Ainsi du Concerto grosso en ré mineur Op.6 n°10 HWV 328 qu’introduit une majestueuse ouverture à la française, d’abord un rien brouillée par des cordes graves trop musclées (dans l’Allegro central). La sorte de suite de danses développée par l’œuvre rectifie parfaitement les équilibres. On goûte alors un Air, subtilement articulé en sarabande avortée, qui laisse entendre le délicat tricot du clavecin. Sa gravité de ton transpire sur le mouvement suivant, une fluide allemande enlevée, « pneumatique ». Une effervescence judicieusement emphatique gagne la courante, bondissant dans ses quasi-canons dans une nuance déclinée avec brio. La rousseur du couchant envahit le lac des miroirs pour la gavotte finale, gracieusement contrastée.

Après l’entracte, les repères sont complètement assimilés. George Petrou livre un probant Concerto grosso en fa majeur Op.3 n°4 HWV 315, de caractère plus italien, que pose non sans une certaine pompe un Andante souverain, suivi d’un Allegro à l’inflexion souple où l’on apprécie le hautbois d’Ioannis Papagiannis. Quant à lui, le mouvement lent (Andante) laisse découvrir le violon accort de Sergiu Nastasa. Enfin, Alexandros Oikonomou se distingue par un trait de basson habilement respiré dans l’Allegro final.

Huit arie, disions-nous plus haut.
Max Emanuel Cenčić ouvre le feu avec Fra le straggi (extrait d’Alessandro). Après un introit tout vivaldien du violon, le chanteur affirme un grave présent que déjà nous remarquions à son Sesto (Giulio Cesare in Egitto), il y a quelques années [lire notre chronique du 18 avril 2008]. Cependant, le chant paraît assez timide, pour ainsi dire, prudemment « sur la touche », jusqu’à conclure dans l’éclat d’un aigu facile, béni. Recueilli, Ombra cara, le lamento en prière de Radamisto, ouvre délicatement la voix dans une chaleur exquisément ambrée. La nuance en est finement conduite, en saine complicité avec l’orchestre dont se remarque le théorbe prégnant de Theodoros Kitsos. Sûreté des intervalles et plénitude de la vocalise servent Benche mi sprezzi extrait de Tamerlano) dont le da capo délicieusement varié (plutôt qu’orné) « décolle » enfin. Vano amore (encore Alessandro) s’affirme d’emblée plus virtuose, avec son couplet central littéralement hystérique qui détermine bientôt la folie ornementale du da capo, ici au service de l’expressivité – aria di bravura idéal pour conclure la première partie sous d’enthousiastes applaudissements.

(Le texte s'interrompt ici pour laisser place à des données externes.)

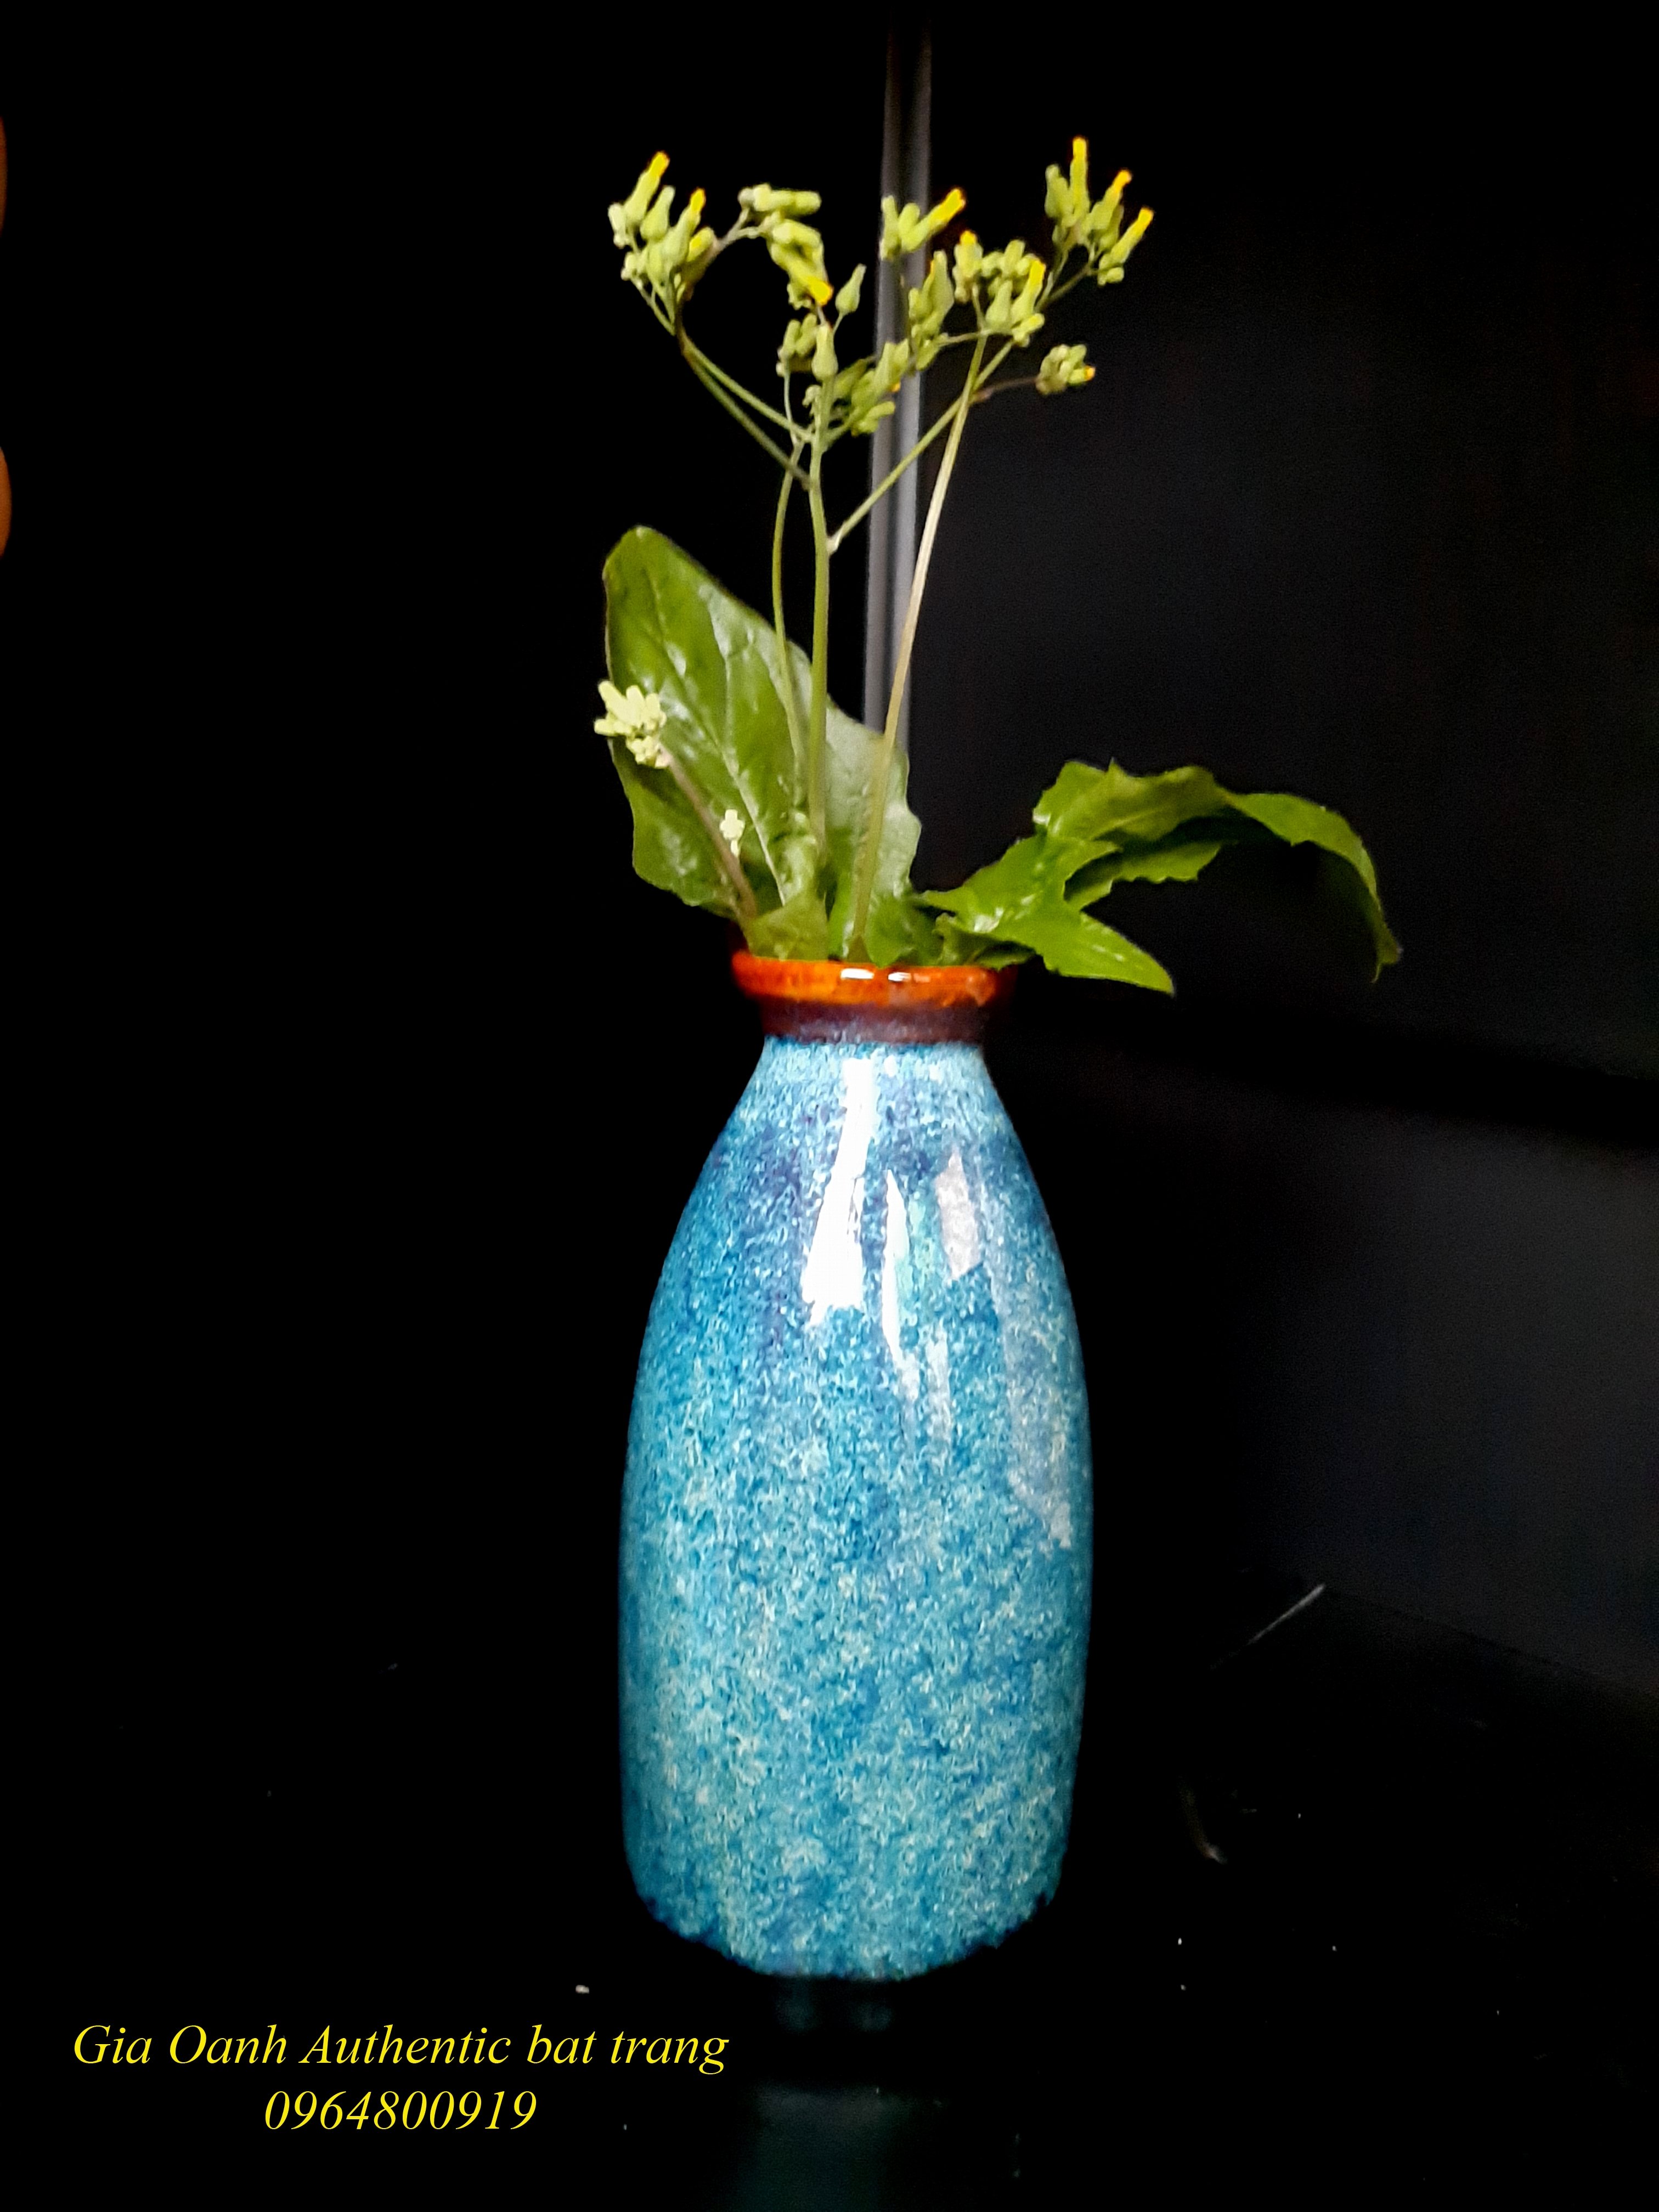 Blue Mini vase/ Bình cắm hoa mini men xanh hỏa biến, sản xuất tại xưởng gốm sứ Gia Oanh authentic bat trang

Aure, deh, per pietà (extrait de Giulio Cesare in Egitto) ouvre le second épisode. Cet air emprunté au rôle-titre affirme un timbre de velours et des tenues d’une onctuosité envoûtante. Cenčić en signe une interprétation des plus raffinées. Alessandro, toujours, avec un Da un breve riposo prudent, contrit même, qui se réserve pour l’ultime trait, magnifique. Cette façon de s’économiser amène à s’interroger sur la forme de l’artiste. Deux arie de Rinaldo, ensuite. D’abord Cor ingrato, plus arioso sur une basse continue (clavecin, théorbe et violoncelle) qu’air à proprement parler, avec un « pont » médian furioso. En douceur, dans le confort d’un accompagnement avantageux pour le timbre, le contre-ténor distille un moment de grâce. Venti turbini, enfin, brillante rodomontade qui remporte un franc succès.